:: Recorded data ::
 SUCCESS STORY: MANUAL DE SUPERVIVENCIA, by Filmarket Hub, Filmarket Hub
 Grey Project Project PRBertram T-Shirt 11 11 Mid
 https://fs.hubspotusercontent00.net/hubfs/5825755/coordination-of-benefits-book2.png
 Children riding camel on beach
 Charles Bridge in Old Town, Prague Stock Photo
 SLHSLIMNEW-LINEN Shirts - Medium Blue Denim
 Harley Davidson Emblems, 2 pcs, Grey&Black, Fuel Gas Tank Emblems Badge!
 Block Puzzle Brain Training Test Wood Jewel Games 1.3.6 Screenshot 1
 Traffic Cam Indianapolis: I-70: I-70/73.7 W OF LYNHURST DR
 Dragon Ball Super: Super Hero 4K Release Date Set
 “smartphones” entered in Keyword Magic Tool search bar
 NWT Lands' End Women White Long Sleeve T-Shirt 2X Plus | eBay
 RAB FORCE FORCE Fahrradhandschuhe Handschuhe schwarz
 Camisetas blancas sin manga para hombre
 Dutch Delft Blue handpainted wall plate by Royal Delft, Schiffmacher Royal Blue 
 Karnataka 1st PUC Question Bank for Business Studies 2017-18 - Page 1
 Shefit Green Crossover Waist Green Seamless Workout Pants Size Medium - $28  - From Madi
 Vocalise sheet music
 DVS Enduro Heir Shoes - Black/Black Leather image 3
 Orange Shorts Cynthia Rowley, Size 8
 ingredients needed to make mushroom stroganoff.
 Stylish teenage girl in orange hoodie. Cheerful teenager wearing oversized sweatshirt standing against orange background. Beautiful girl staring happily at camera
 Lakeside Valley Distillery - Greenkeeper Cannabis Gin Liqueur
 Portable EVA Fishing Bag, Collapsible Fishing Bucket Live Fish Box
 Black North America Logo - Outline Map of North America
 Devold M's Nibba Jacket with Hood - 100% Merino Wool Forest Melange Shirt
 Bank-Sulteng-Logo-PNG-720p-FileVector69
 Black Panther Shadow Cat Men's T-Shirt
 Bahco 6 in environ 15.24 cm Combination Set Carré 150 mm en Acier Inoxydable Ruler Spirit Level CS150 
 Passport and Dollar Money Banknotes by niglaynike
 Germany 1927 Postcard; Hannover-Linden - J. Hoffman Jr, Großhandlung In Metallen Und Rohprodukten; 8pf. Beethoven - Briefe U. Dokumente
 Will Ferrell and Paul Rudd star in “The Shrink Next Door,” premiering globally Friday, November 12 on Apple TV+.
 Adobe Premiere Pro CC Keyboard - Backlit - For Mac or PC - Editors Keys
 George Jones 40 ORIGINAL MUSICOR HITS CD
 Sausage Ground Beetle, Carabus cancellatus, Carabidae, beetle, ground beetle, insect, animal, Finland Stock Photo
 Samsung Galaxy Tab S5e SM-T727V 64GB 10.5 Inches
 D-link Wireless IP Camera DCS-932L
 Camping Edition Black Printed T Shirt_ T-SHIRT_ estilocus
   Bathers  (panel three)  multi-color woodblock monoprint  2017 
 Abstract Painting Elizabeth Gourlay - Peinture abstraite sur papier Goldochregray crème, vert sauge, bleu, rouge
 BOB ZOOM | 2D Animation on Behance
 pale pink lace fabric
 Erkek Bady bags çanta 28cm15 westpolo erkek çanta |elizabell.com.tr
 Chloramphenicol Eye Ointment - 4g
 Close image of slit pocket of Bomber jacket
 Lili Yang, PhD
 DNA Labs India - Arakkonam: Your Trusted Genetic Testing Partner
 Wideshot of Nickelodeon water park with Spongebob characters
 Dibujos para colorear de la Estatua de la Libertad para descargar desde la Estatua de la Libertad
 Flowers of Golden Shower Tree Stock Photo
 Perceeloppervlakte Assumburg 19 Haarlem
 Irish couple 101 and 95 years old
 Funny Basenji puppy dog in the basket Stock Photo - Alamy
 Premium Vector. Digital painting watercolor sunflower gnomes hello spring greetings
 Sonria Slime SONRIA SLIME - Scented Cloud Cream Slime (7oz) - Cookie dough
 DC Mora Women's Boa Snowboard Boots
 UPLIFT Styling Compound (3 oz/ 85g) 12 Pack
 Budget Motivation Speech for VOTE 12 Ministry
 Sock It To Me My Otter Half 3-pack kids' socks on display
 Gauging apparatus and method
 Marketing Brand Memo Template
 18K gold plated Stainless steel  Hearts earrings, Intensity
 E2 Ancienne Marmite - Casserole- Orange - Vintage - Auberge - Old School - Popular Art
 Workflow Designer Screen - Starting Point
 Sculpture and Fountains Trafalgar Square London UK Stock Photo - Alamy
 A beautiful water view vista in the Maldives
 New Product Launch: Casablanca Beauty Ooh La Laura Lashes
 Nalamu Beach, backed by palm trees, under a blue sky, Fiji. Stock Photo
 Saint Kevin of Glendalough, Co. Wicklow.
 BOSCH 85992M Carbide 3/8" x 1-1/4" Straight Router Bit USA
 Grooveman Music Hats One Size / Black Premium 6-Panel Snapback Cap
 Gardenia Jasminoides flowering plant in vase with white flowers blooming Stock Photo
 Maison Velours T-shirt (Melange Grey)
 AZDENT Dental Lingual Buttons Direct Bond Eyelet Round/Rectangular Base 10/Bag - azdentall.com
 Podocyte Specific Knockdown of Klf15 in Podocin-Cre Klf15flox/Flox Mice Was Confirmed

:: What you are asked to do ::
Every line of the data is to be retyped without alteration.

:: Exercise answer ::
 SUCCESS STORY: MANUAL DE SUPERVIVENCIA, by Filmarket Hub, Filmarket Hub
 Grey Project Project PRBertram T-Shirt 11 11 Mid
 https://fs.hubspotusercontent00.net/hubfs/5825755/coordination-of-benefits-book2.png
 Children riding camel on beach
 Charles Bridge in Old Town, Prague Stock Photo
 SLHSLIMNEW-LINEN Shirts - Medium Blue Denim
 Harley Davidson Emblems, 2 pcs, Grey&Black, Fuel Gas Tank Emblems Badge!
 Block Puzzle Brain Training Test Wood Jewel Games 1.3.6 Screenshot 1
 Traffic Cam Indianapolis: I-70: I-70/73.7 W OF LYNHURST DR
 Dragon Ball Super: Super Hero 4K Release Date Set
 “smartphones” entered in Keyword Magic Tool search bar
 NWT Lands' End Women White Long Sleeve T-Shirt 2X Plus | eBay
 RAB FORCE FORCE Fahrradhandschuhe Handschuhe schwarz
 Camisetas blancas sin manga para hombre
 Dutch Delft Blue handpainted wall plate by Royal Delft, Schiffmacher Royal Blue 
 Karnataka 1st PUC Question Bank for Business Studies 2017-18 - Page 1
 Shefit Green Crossover Waist Green Seamless Workout Pants Size Medium - $28  - From Madi
 Vocalise sheet music
 DVS Enduro Heir Shoes - Black/Black Leather image 3
 Orange Shorts Cynthia Rowley, Size 8
 ingredients needed to make mushroom stroganoff.
 Stylish teenage girl in orange hoodie. Cheerful teenager wearing oversized sweatshirt standing against orange background. Beautiful girl staring happily at camera
 Lakeside Valley Distillery - Greenkeeper Cannabis Gin Liqueur
 Portable EVA Fishing Bag, Collapsible Fishing Bucket Live Fish Box
 Black North America Logo - Outline Map of North America
 Devold M's Nibba Jacket with Hood - 100% Merino Wool Forest Melange Shirt
 Bank-Sulteng-Logo-PNG-720p-FileVector69
 Black Panther Shadow Cat Men's T-Shirt
 Bahco 6 in environ 15.24 cm Combination Set Carré 150 mm en Acier Inoxydable Ruler Spirit Level CS150 
 Passport and Dollar Money Banknotes by niglaynike
 Germany 1927 Postcard; Hannover-Linden - J. Hoffman Jr, Großhandlung In Metallen Und Rohprodukten; 8pf. Beethoven - Briefe U. Dokumente
 Will Ferrell and Paul Rudd star in “The Shrink Next Door,” premiering globally Friday, November 12 on Apple TV+.
 Adobe Premiere Pro CC Keyboard - Backlit - For Mac or PC - Editors Keys
 George Jones 40 ORIGINAL MUSICOR HITS CD
 Sausage Ground Beetle, Carabus cancellatus, Carabidae, beetle, ground beetle, insect, animal, Finland Stock Photo
 Samsung Galaxy Tab S5e SM-T727V 64GB 10.5 Inches
 D-link Wireless IP Camera DCS-932L
 Camping Edition Black Printed T Shirt_ T-SHIRT_ estilocus
   Bathers  (panel three)  multi-color woodblock monoprint  2017 
 Abstract Painting Elizabeth Gourlay - Peinture abstraite sur papier Goldochregray crème, vert sauge, bleu, rouge
 BOB ZOOM | 2D Animation on Behance
 pale pink lace fabric
 Erkek Bady bags çanta 28cm15 westpolo erkek çanta |elizabell.com.tr
 Chloramphenicol Eye Ointment - 4g
 Close image of slit pocket of Bomber jacket
 Lili Yang, PhD
 DNA Labs India - Arakkonam: Your Trusted Genetic Testing Partner
 Wideshot of Nickelodeon water park with Spongebob characters
 Dibujos para colorear de la Estatua de la Libertad para descargar desde la Estatua de la Libertad
 Flowers of Golden Shower Tree Stock Photo
 Perceeloppervlakte Assumburg 19 Haarlem
 Irish couple 101 and 95 years old
 Funny Basenji puppy dog in the basket Stock Photo - Alamy
 Premium Vector. Digital painting watercolor sunflower gnomes hello spring greetings
 Sonria Slime SONRIA SLIME - Scented Cloud Cream Slime (7oz) - Cookie dough
 DC Mora Women's Boa Snowboard Boots
 UPLIFT Styling Compound (3 oz/ 85g) 12 Pack
 Budget Motivation Speech for VOTE 12 Ministry
 Sock It To Me My Otter Half 3-pack kids' socks on display
 Gauging apparatus and method
 Marketing Brand Memo Template
 18K gold plated Stainless steel  Hearts earrings, Intensity
 E2 Ancienne Marmite - Casserole- Orange - Vintage - Auberge - Old School - Popular Art
 Workflow Designer Screen - Starting Point
 Sculpture and Fountains Trafalgar Square London UK Stock Photo - Alamy
 A beautiful water view vista in the Maldives
 New Product Launch: Casablanca Beauty Ooh La Laura Lashes
 Nalamu Beach, backed by palm trees, under a blue sky, Fiji. Stock Photo
 Saint Kevin of Glendalough, Co. Wicklow.
 BOSCH 85992M Carbide 3/8" x 1-1/4" Straight Router Bit USA
 Grooveman Music Hats One Size / Black Premium 6-Panel Snapback Cap
 Gardenia Jasminoides flowering plant in vase with white flowers blooming Stock Photo
 Maison Velours T-shirt (Melange Grey)
 AZDENT Dental Lingual Buttons Direct Bond Eyelet Round/Rectangular Base 10/Bag - azdentall.com
 Podocyte Specific Knockdown of Klf15 in Podocin-Cre Klf15flox/Flox Mice Was Confirmed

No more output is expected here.